Oddly, although I am sure, as Rob says, this is true in the big picture 
(a $1000 lens is going to be better than a $100 one), I have found it 
really doesn't necessarily hold water in the "macro" view. (A $200 lens 
is better than a $100).  Canon, for example, has all sort of overlapping 
ranges of lenses in terms of both quality lines and focus ranges.  Some 
lenses which are very reasonably priced, as stellar performers, while 
other considerably more expensive lenses are duds.

Sometimes this is just bad design, or even bad manufacture, but 
sometimes a simple and inexpensive lens design just happens to be one 
which really works well, and has great optical properties.

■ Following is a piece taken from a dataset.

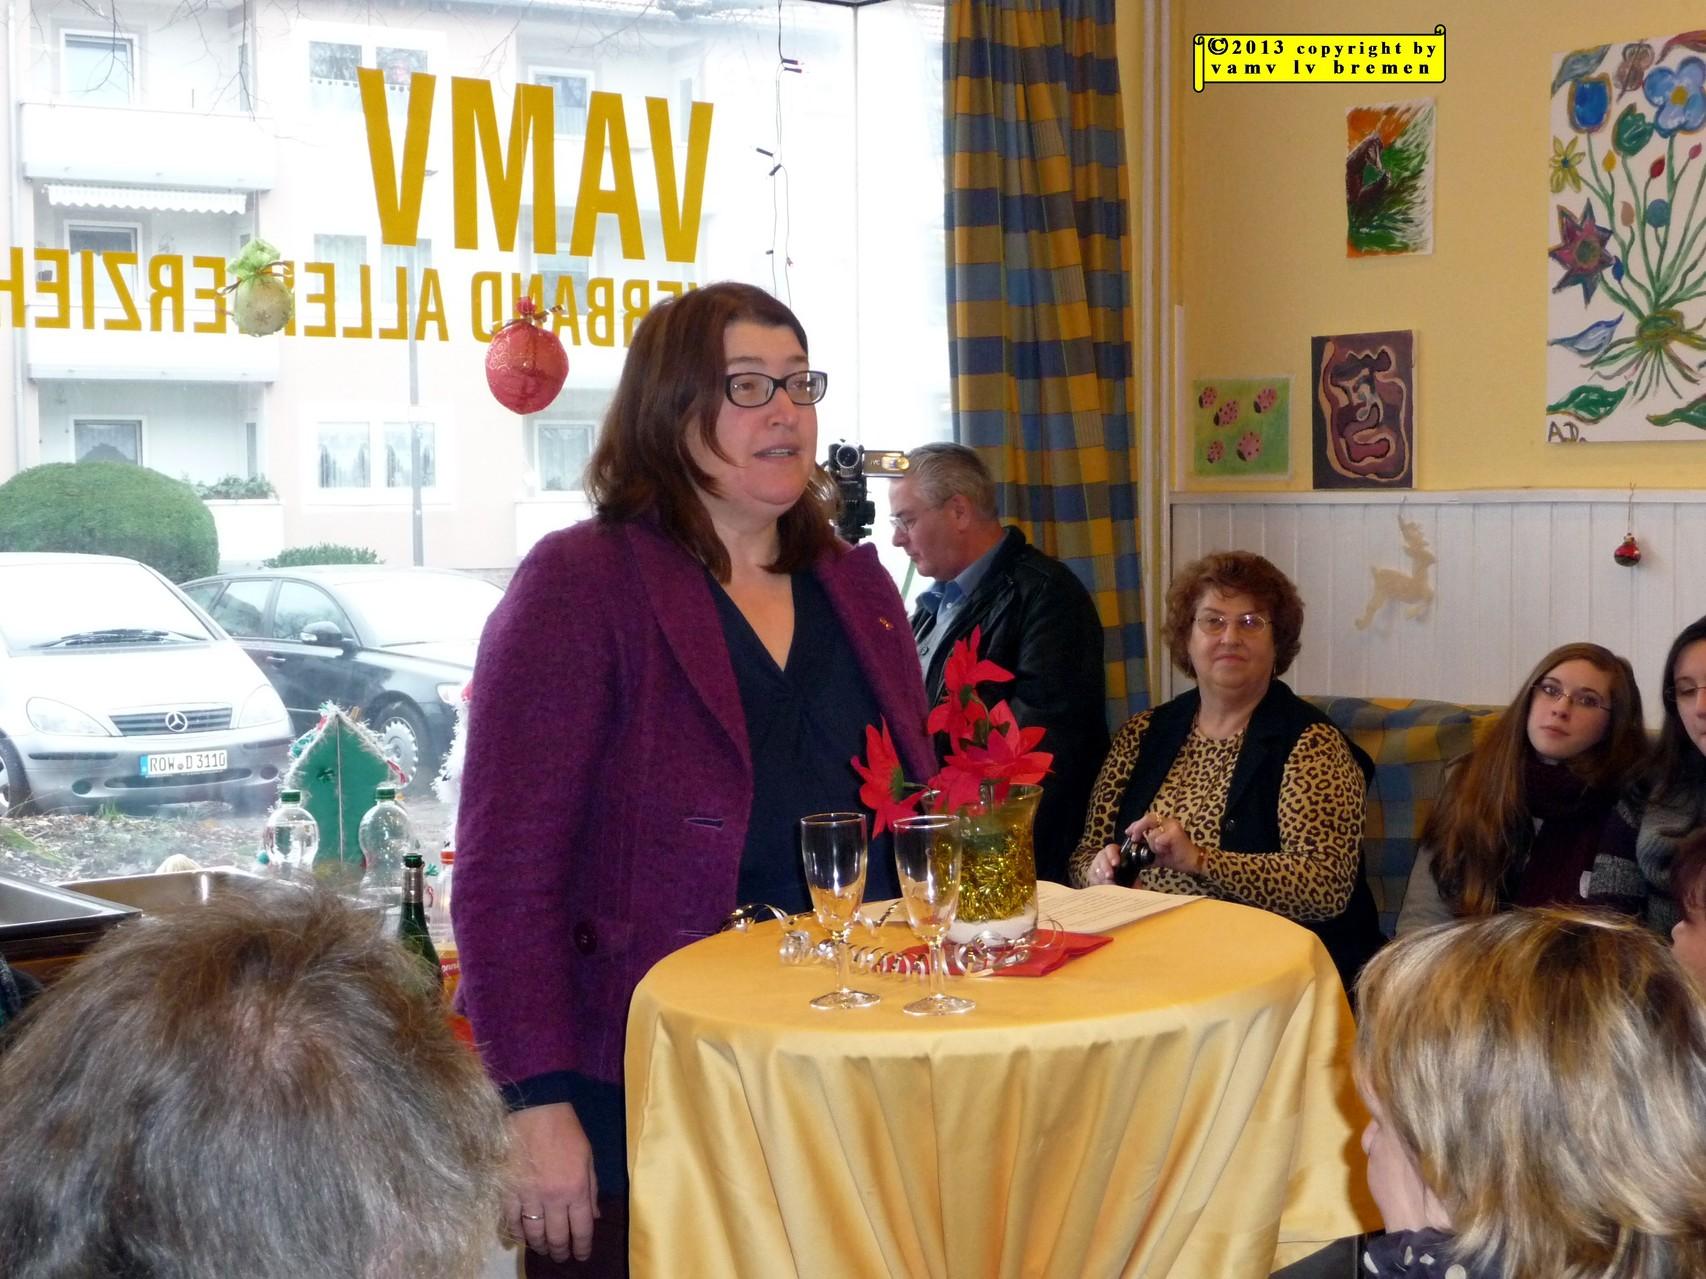 Feier für Gisela und jens e. Ansprache von Senatorin Frau Stahmann

One apparent example of an inexpensive lens which excels well beyond 
it's cost it the autofocus Canon 50 mm 1.7 normal lens.

Of course, beyond optical qualities, other factors are durability over 
time, weight, size, smoothness in use, zoom range, optical speed 
(minimum/maximum aperture), autofocus speed, autofocus noise level, etc.

If people aren't stuck on having a full zoom range, in general, fixed 
focus lenses are better quality and better value.  Also, used lenses can 
often be good value, if they come with some type of warranty.

Lastly, even a well rated lens can perform badly due to bad quality 
control and variability within production.